What are the legal age milestones for kids and banking?

Birth to age 11

From birth to 11 years of age, bank accounts for babies and kids have to have a parent or adult as a joint account holder.

Age 12

This is the legal age at which a child can open a bank account in their own name in Australia (although some of the big major banks have their own minimum age limit of 13 or 14 for independent kids’ accounts).

Age 13

Debit cards (with no credit facility) are widely available at age 13 if a parent is a co-signatory to the account, although some banks and building societies do now issue pre-paid debit cards at age 12 for joint kids’ accounts.

Age 14

A teenager is permitted to have a youth bank account with a debit card (but no credit facility) linked to their sole account without parental permission.

Age 16

Many joint parent/child accounts allow the child to disable or switch off parental control once the age of 16 is reached (or remove the need for the parent to be a co-signatory to the account).

Age 18

At 18 years of age, an Australian citizen is legally considered to be an adult and can open bank accounts and be offered credit in their own name.

Types of bank account

Why compare bank accounts with Savvy?

More of your frequently asked questions about bank accounts for kids

What features should I compare when choosing the right bank account for my kids?

The best bank accounts for kids offer these features:

  • No account opening/establishment fees plus no ongoing fees
  • Bonus higher interest rates if savings conditions are met
  • Parental controls on the account for a young child
  • The ability to link a debit card when the child reaches the age of 12 or 13
  • The ability to use the debit card to make ATM withdrawals
  • Good educational resources including savings games available online
What conditions have to be met for a child to open their own bank account in Australia?

Legally, a child has to be 12 years of age or over to open a bank account solely in their name.  They will need to show a copy of their birth certificate. They also have to be a resident in Australia and have a permanent residential address and phone number.  However, some banks and building societies impose their own age limits of 13 or even 14 as the minimum age for a teenager to open an account solely in their name.  

What happens to kids’ bank accounts when they reach 18?

Funds in kids’ accounts are usually switched over into standard adult accounts once the customer reaches the age limit of 18, but the bank or credit union will contact the young person before their 18th birthday to discuss how the account is to be rolled over.  Some financial institutions now offer youth bank accounts which stretch from age 12 to 21 or even 25 to avoid the necessity to change accounts once they turn 18.

Do children get a credit rating like adults do?
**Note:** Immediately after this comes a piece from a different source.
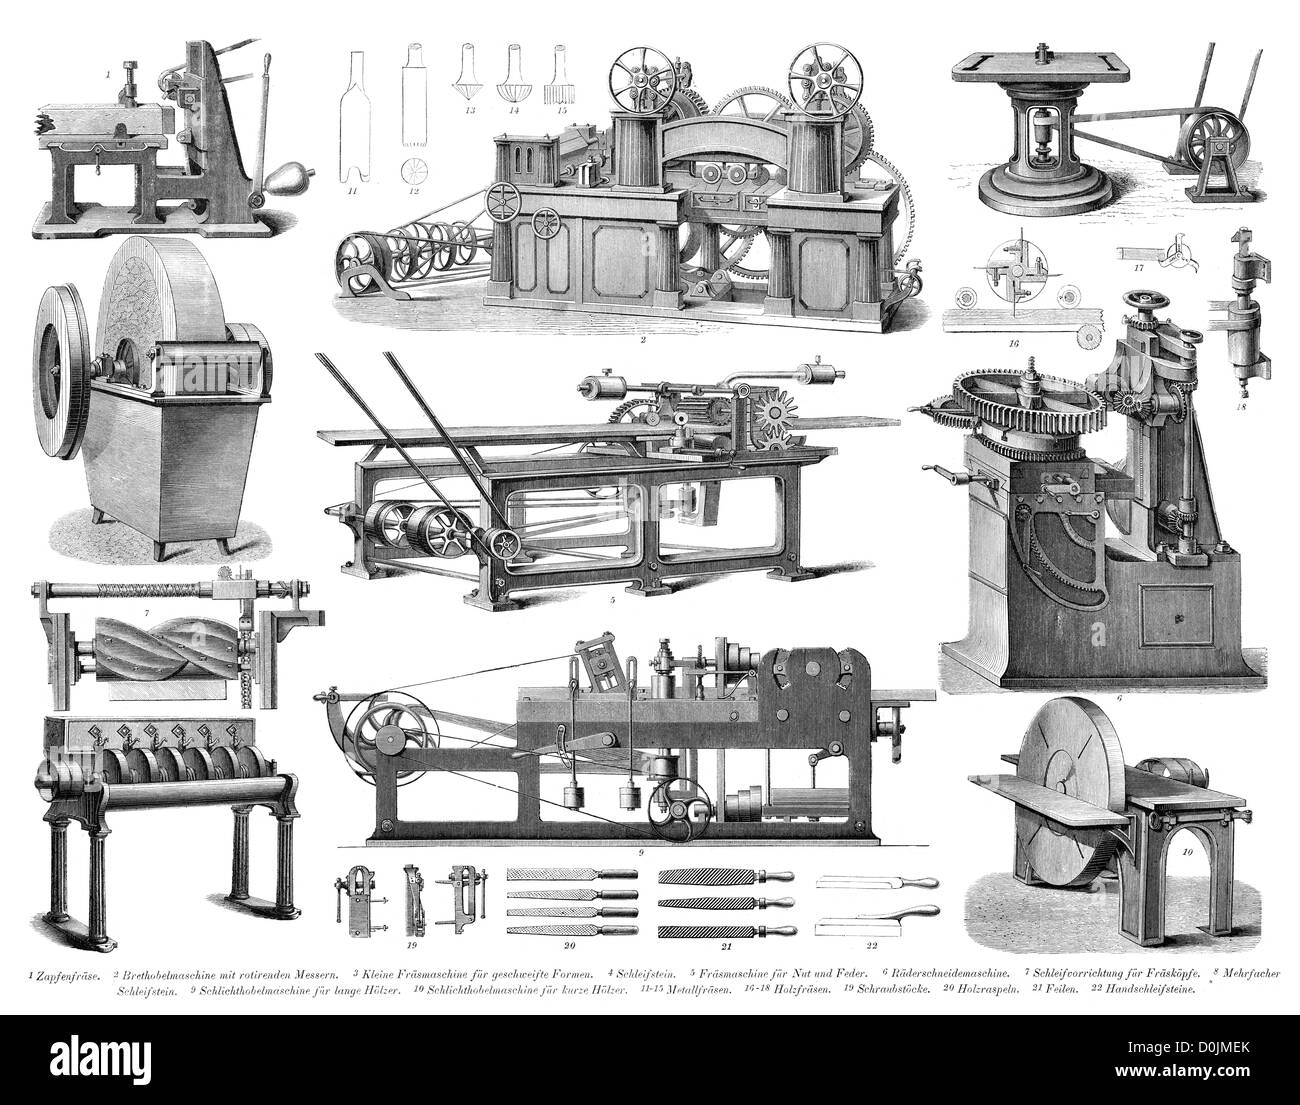 Colección de máquinas desde la revolución industrial, incluyendo múltiples  Whetstone, planos de madera y fresadoras Fotografía de stock - Alamy

No, credit reporting does not start in Australia until an individual has reached 18 years of age because it is illegal to offer a credit product to a child under that age.

What is a sweep facility and is it a good thing?

A sweep facility is where a child has two or more accounts, such as a transaction account and a savings account.  When a pre-determined dollar level is reached in their everyday account, the excess funds are automatically ‘swept’ into the child’s savings account.  In this way, the child can receive their pocket money in their transaction account and when they’ve saved up $50, for instance, that money is automatically transferred into their savings account.  Some sweep accounts offer bonus interest if the sweep target is met each month, and some allow the sweep process to happen on a set day or date at a regular time.